На следующее утро первые страницы газет пестрели фотографиями этой незабываемой сцены под заголовком "На Венский Оперный бал прибыл Адольф Гитлер, но был немедленно арестован полицией". Хубси Крамера пробовали судить, однако он умело превратил этот процесс в фарс и дело спешно замяли.
Но все это было уже после. А до того, во время американской агрессии на Балканах Хубси Крамер организовал в Венском Кюнстлерхаусе антивоенный симпозиум. По ночам американцы бомбили Белград, поэтому симпозиум проходил ночью, это было своего рода бдение солидарности с сербским народом.
Официальная австрийская пропаганда приветствовала вторжение НАТО в Европу, а австрийское государственное телевиденье собирало деньги на помощь хорватским католикам в Боснии под лозунгом "Nachbar in Not", в переводе означавшем "сосед в беде". Австрия традиционная католическая страна, поэтому здесь все было понятно.
Оппозиции же практически не было никакой, гомосексуалисты не били витрины дорогих магазинов с требованием, чтобы их отправили под американские бомбы, а насильно это делать никто не собирался.

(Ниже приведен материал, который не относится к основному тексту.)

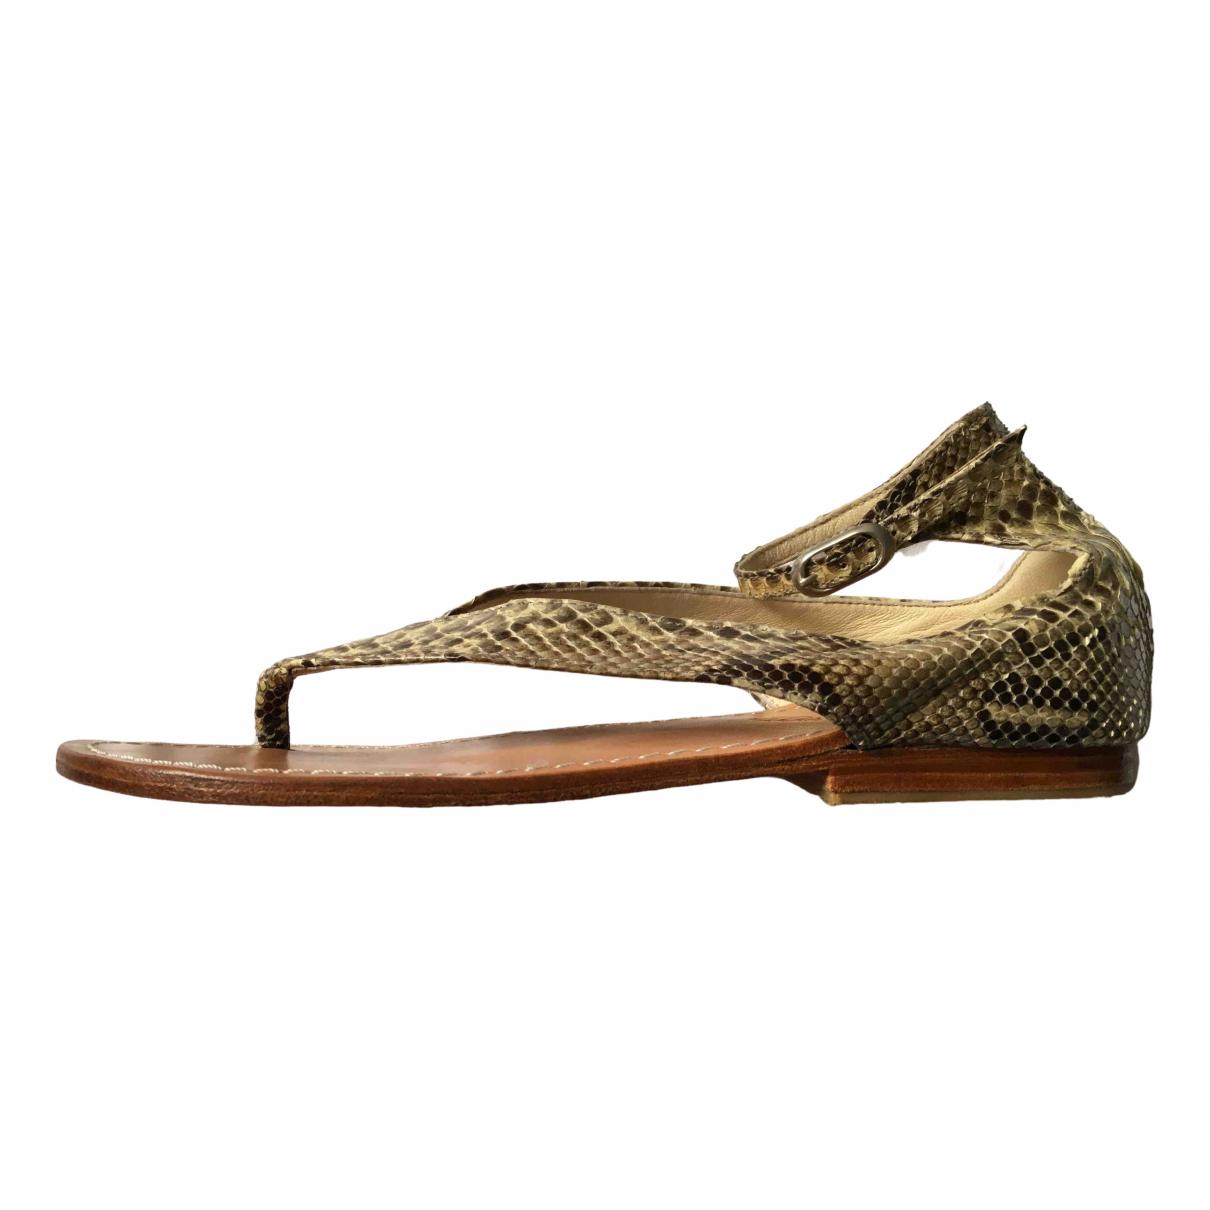 Tatoosh \N Sandalen in  Beige Wasserschlangen

На симпозиум Хубси пригласил видных деятелей науки и культуры, там были французские, итальянские и датские профессора. Из профессоров Венского университета, кроме меня, никто на симпозиум прийти не пожелал. Им всем было до задницы то, что в соседней стране гибли невинные люди. Я сразу принял предложение Хубси Крамера, переданное мне редактором глянцевого литературного журнала "Винцайле" Гюнтером Гейгером по прозвищу Лысый Пират.
У Лысого Пирата имелись целевые средства на поэтические выступления, поэтому он сказал мне – "Толстой, придумай и почитай там стихи. Я запишу это как мероприятие, а деньги мы поделим". До того как стать редактором журнала, Лысый Пират торговал наркотиками и четыре раза сидел в австрийских и швейцарских тюрьмах. Он был мне чем-то симпатичен, пиша похабные романы и называя себя австрийским Жанном Жене.
В своей жизни я привык общаться с самыми отпетыми негодяями, потому что среди них много любопытнейших персонажей, обладающих нестандартным мышлением, а это именно то, что я больше всего ценю в людях.
Свое выступление я готовил тщательно. Когда мне предоставили слово, я не сел за освободившийся после часовой тирады французского профессора стул, а вылез на стол. Начавшая засыпать публика, которой ночное бдение под скучные речи давалось с трудом, встрепенулась.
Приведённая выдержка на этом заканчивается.